(concurring in part, dissenting in part) — I concur with the result the majority reached in the matter of the marriage of Mary Jane and Ralph E. Little. I dissent from the result the majority reached in the matter of Nancy C. and Ronald S. Zinter.
The majority in this case has held that failure to settle ancillary matters at the time the decree of dissolution is rendered does not deprive the court of jurisdiction over the parties, or the subject matter, or of the power to render a decree of dissolution. The validity of decrees which have previously been entered is not affected, as only a procedural error was made which may be waived.
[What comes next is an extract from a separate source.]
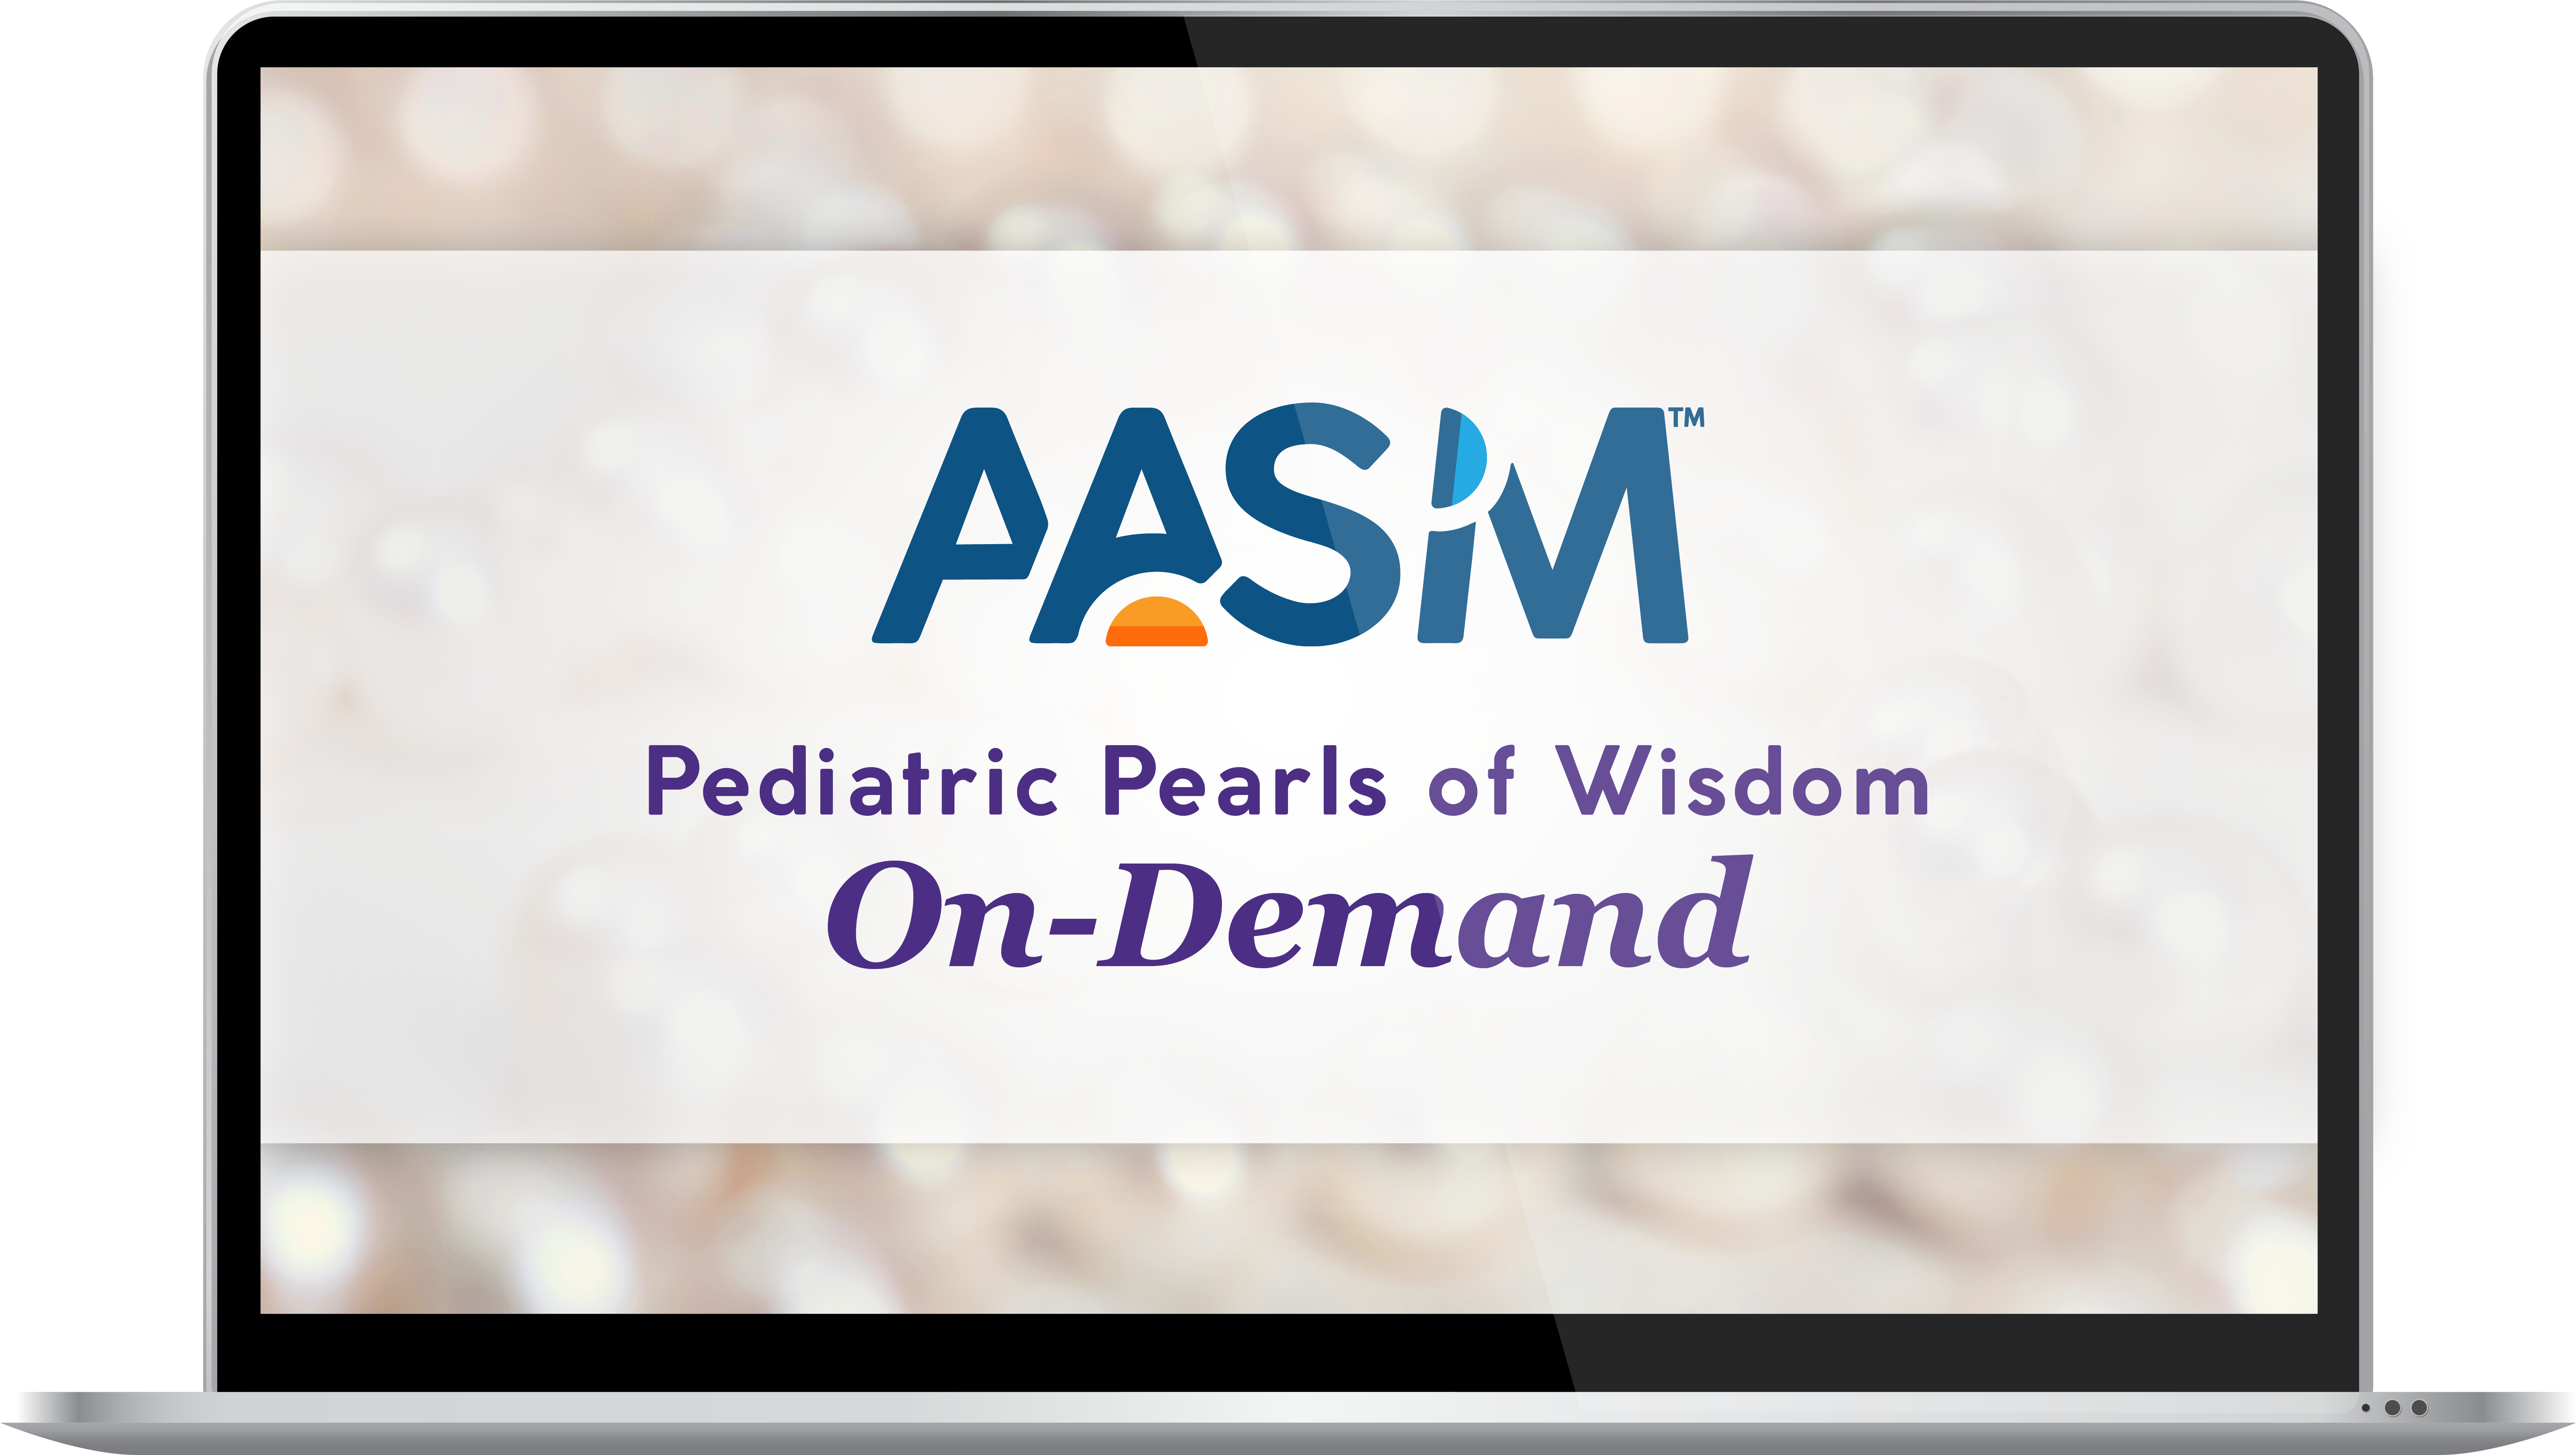 Pediatric Pearls of Wisdom

Majority, at 197-98. It necessarily follows that the parties may also waive that procedural requirement in the future. If this be the case, I see no reason not to treat all petitioners the same and allow each one to present to the court reasons why it is desirable for their decree to be entered while reserving such matters as property distribution to a later time. The majority holds this cannot be done over the objection of one of the parties.
I respectfully disagree and maintain the plain language of the present statute allows this result. The majority based its decision on case law construing a prior statute. The holding in State v. Bird, 95 Wn.2d 83, 622 P.2d 1262 (1980) substantiates my position that in the absence of language to the contrary the courts have authority to take discretionary action. Bird, at 89.
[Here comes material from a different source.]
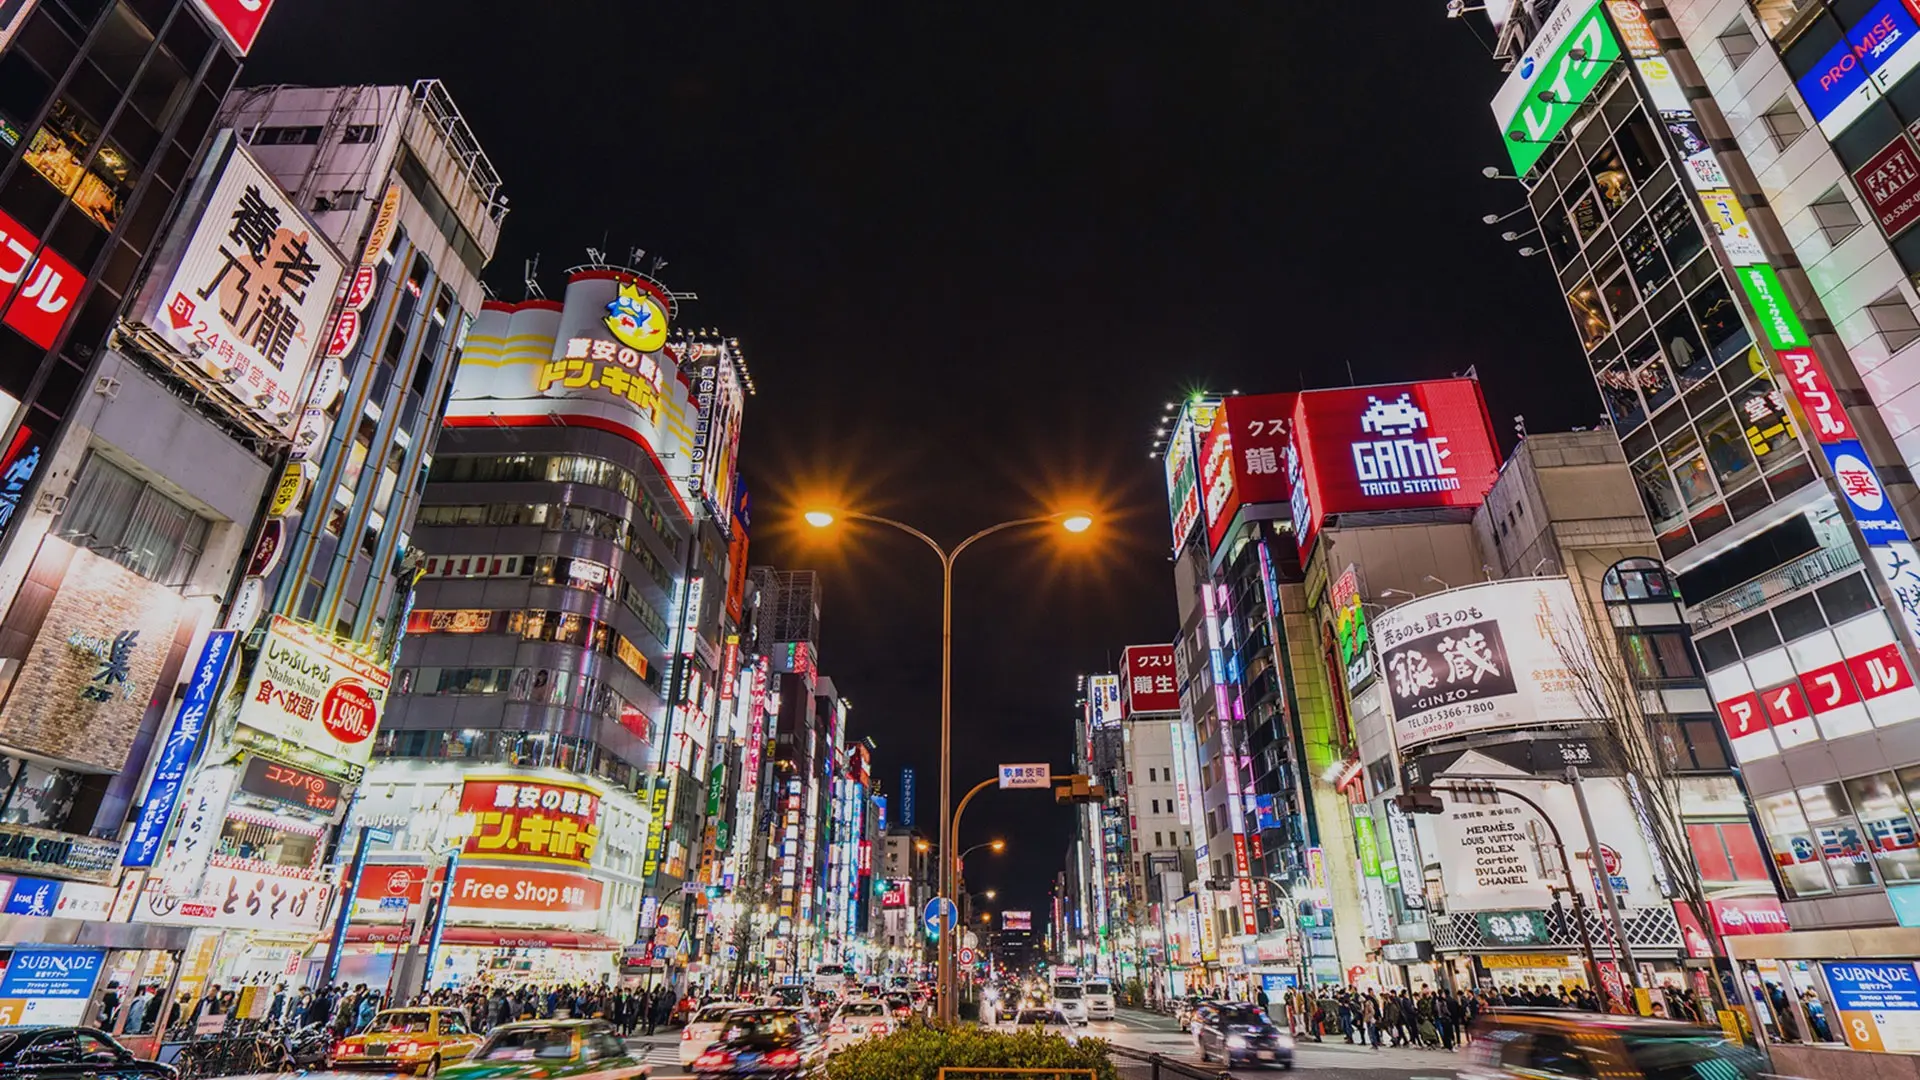 City lights, busy street, and advertisements at Shinjuku.

The present statute, RCW 26.09.030, provides that "when ninety days have elapsed" and if the parties agree "the marriage is irretrievably broken" (as is the case before us), "the court shall enter a decree of dissolution." (Italics mine.) Disposition of property is not a condition precedent. RCW 26.09.050 provides that "the court shall consider . . . *200disposition of property" (italics mine) in entering a decree. It would appear the court can consider and decide to delay ancillary proceedings in its discretion.
The reasons for granting bifurcated decrees to agreeing parties remains the same for any petitioner; that is, permitting the parties to file tax returns as single individuals, terminating property rights under a community property agreement, clarifying the legal status of the parties in dealing with debtors and creditors, allowing the parties to acquire property and rebuild their lives independent of each other and permitting the parties to remarry. Therefore, when, as here, a respondent resists the entry of such a decree, that party should come forward with some reason. I opine the court has the discretion to consider the reasons advanced by the nonagreeing party to see if merit for the delay exists, or if vindictiveness or possible property settlement advantage is really the basis.
Obviously, there may be cases where the court may wish to decide all ancillary matters at one time and it clearly has that authority, in which case an early trial date should be set. In most counties, dissolution matters can be heard within a reasonable time after the 90 days, so there would be no reason for two court appearances as would be required by bifurcation. However, in King County, the Zinter matter had been set for trial almost 2 years after the filing and after both parties had indicated the marriage was irretrievably broken. Such a delay is not within the contemplation of the legislative intent for no-fault speedy termination of marriages.
Likewise, the contention that dire consequences would result if all matters were not decided at one time overlooks the fact that since the act was passed in 1973, various courts have been following the procedure of bifurcation and not one example has been cited to this court that justifies that ominous prediction.
Since In re Marriage of Hermsen, 27 Wn. App. 318, 617 P.2d 462 (1980), was decided, the King County Superior Court has set out uniform discretionary procedure for *201bifurcation and, likewise, none of the parties have cited one instance of a disastrous result. This approach is practical. When the stress of drawn-out court proceedings is relieved by entry of the decree, the result may well be an amicable property settlement agreement, which was also contemplated by the statute. RCW 26.09.070.
I would affirm the Court of Appeals and remand the matter to the trial court for the exercise of its discretion.
Brachtenbach, C.J., and Utter and Hicks, JJ., concur with Dimmick, J.